### Problem description
Would you print the lines below exactly, beginning at the line that has "First Man Movie" and stopping after the line that has "Ahmet Zappa: I"? Only those lines, and no pictures.

### Provided material

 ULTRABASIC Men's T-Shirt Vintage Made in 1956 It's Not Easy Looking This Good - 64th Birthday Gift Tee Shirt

...

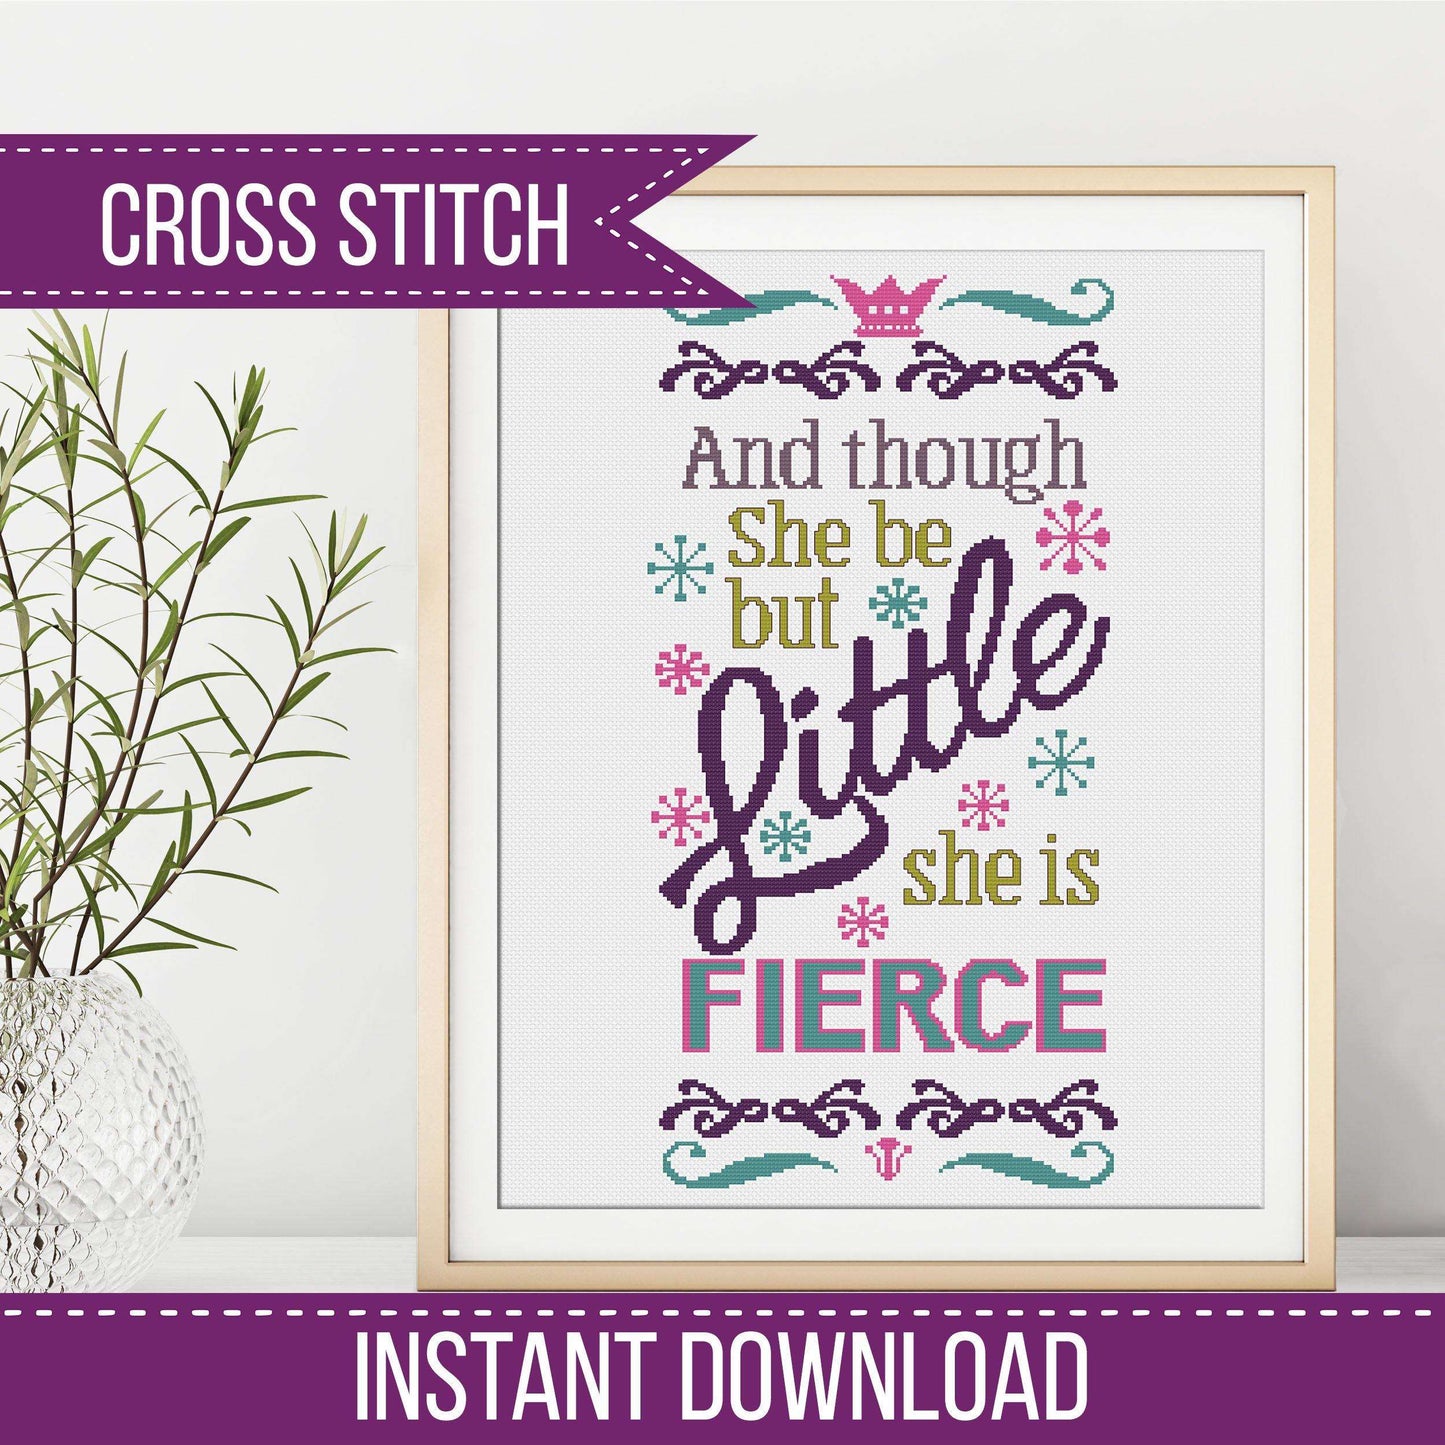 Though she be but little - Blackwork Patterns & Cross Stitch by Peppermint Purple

---

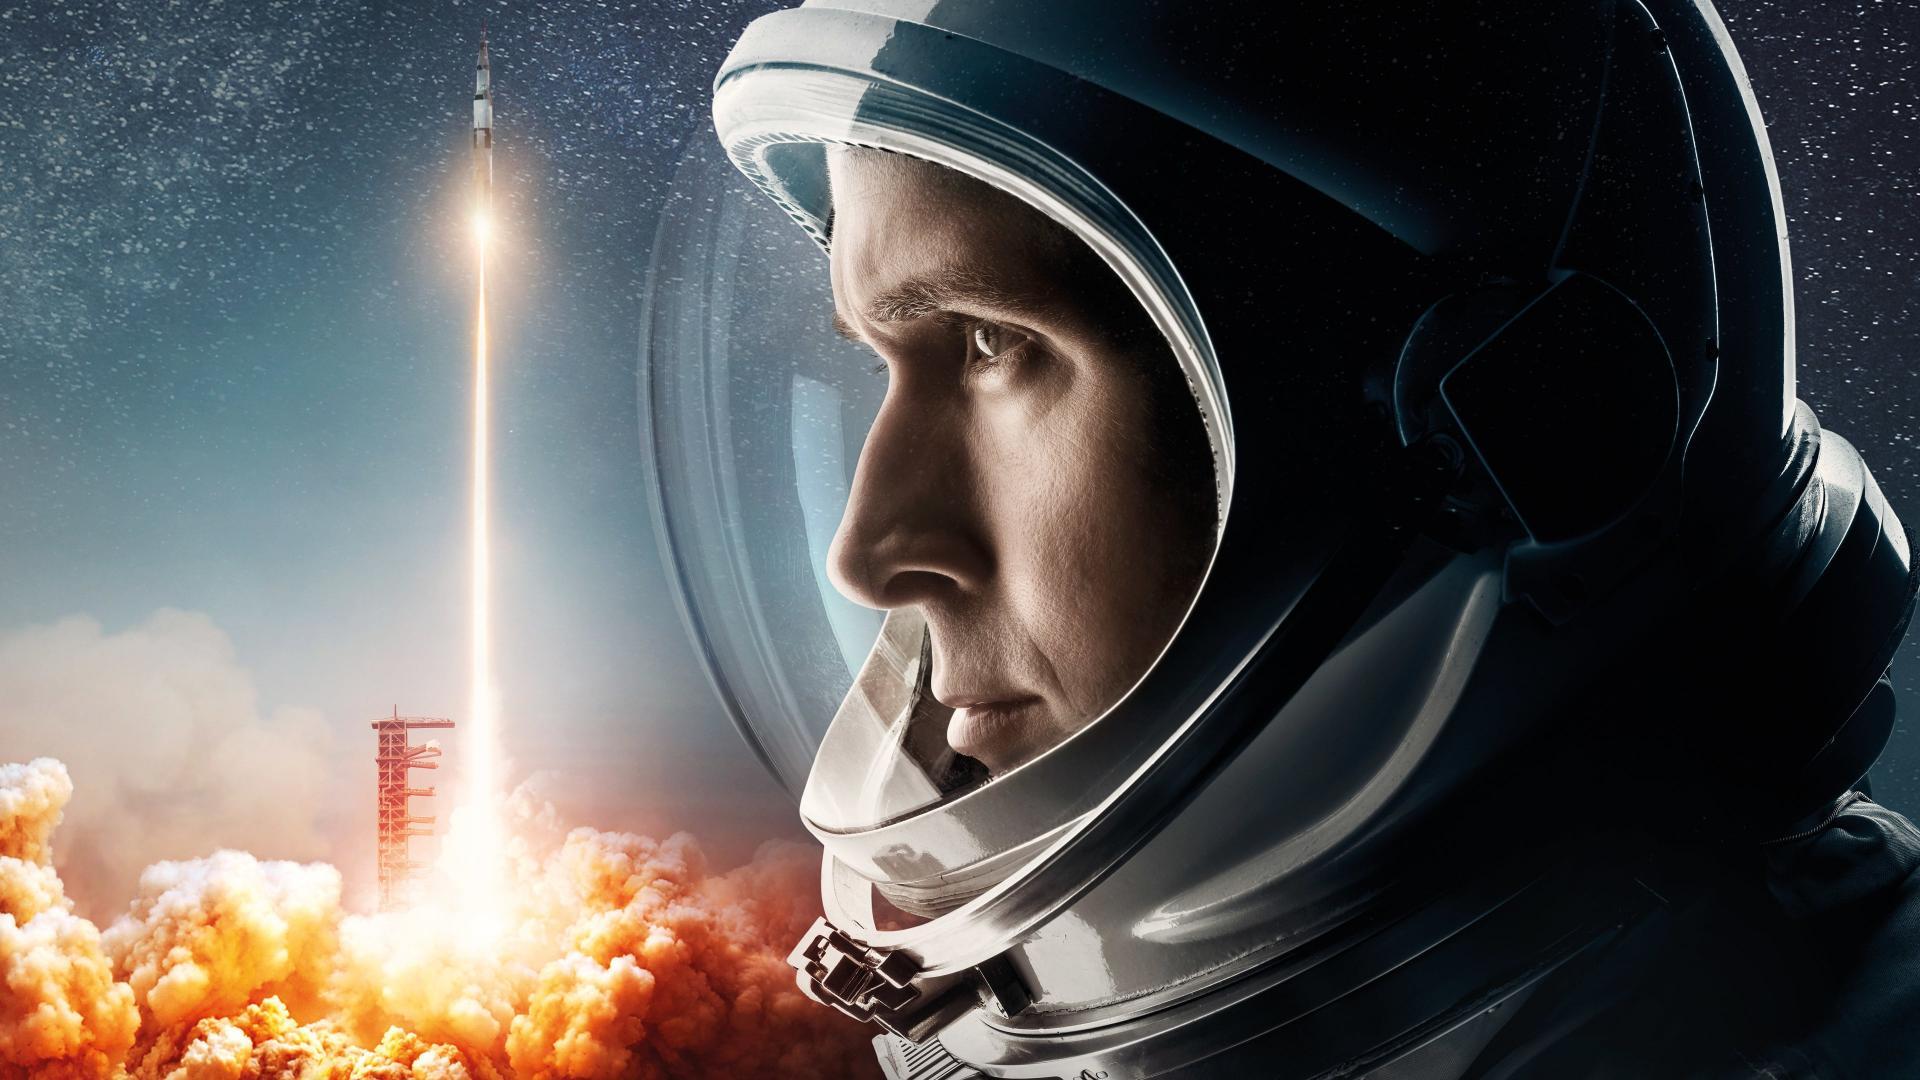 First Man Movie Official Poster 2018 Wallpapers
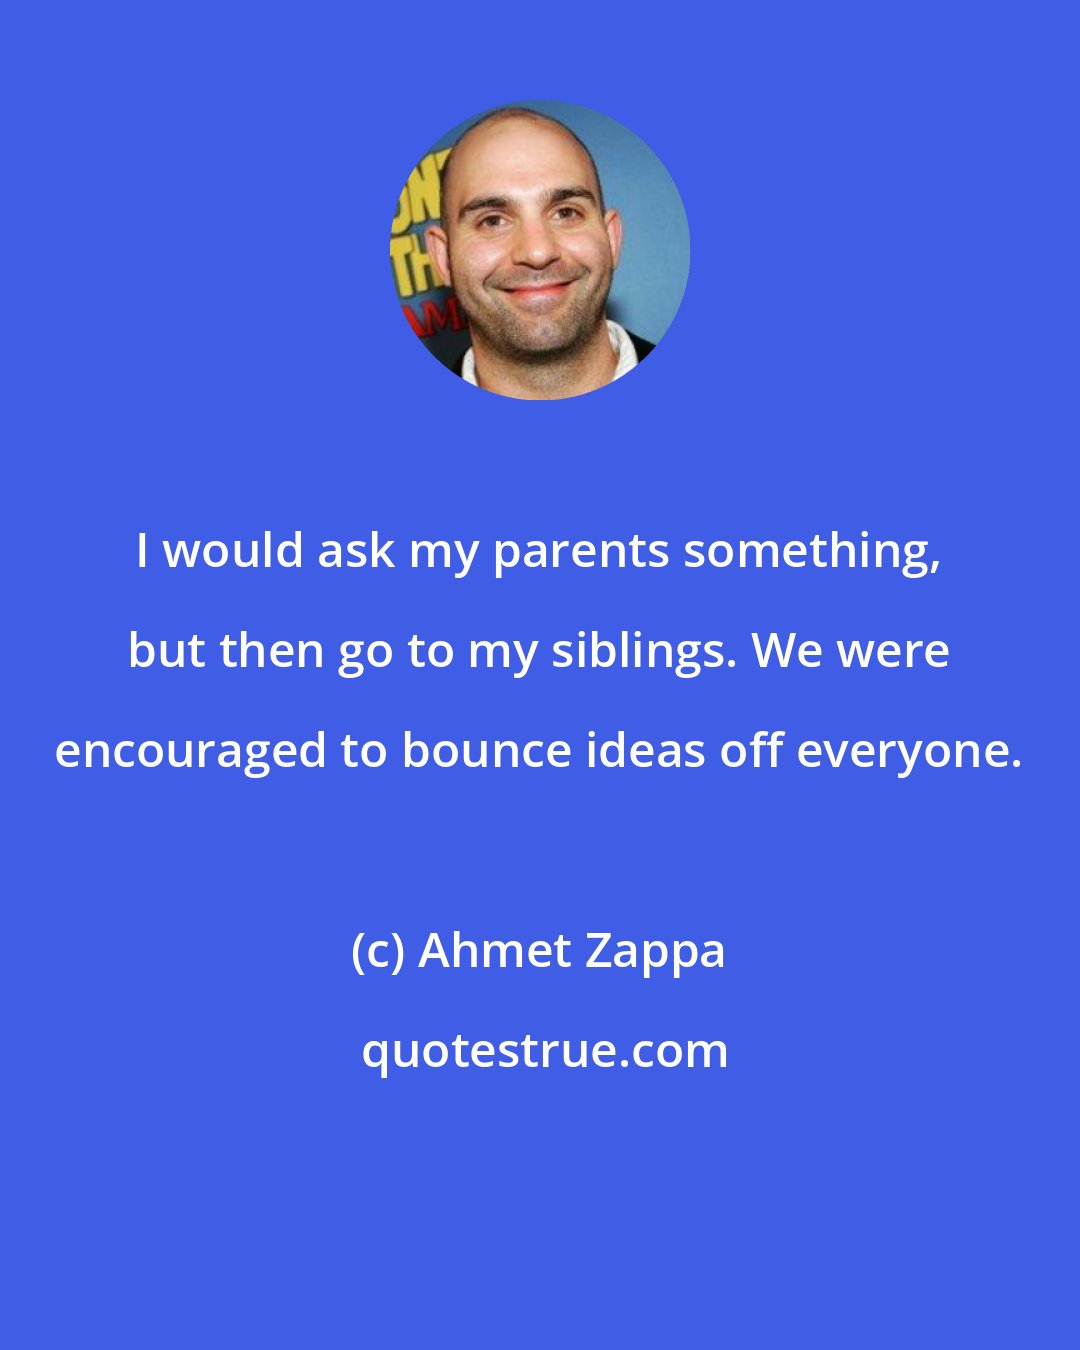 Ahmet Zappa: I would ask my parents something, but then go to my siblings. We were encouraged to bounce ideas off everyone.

### Written reply
 First Man Movie Official Poster 2018 Wallpapers
 Ahmet Zappa: I would ask my parents something, but then go to my siblings. We were encouraged to bounce ideas off everyone.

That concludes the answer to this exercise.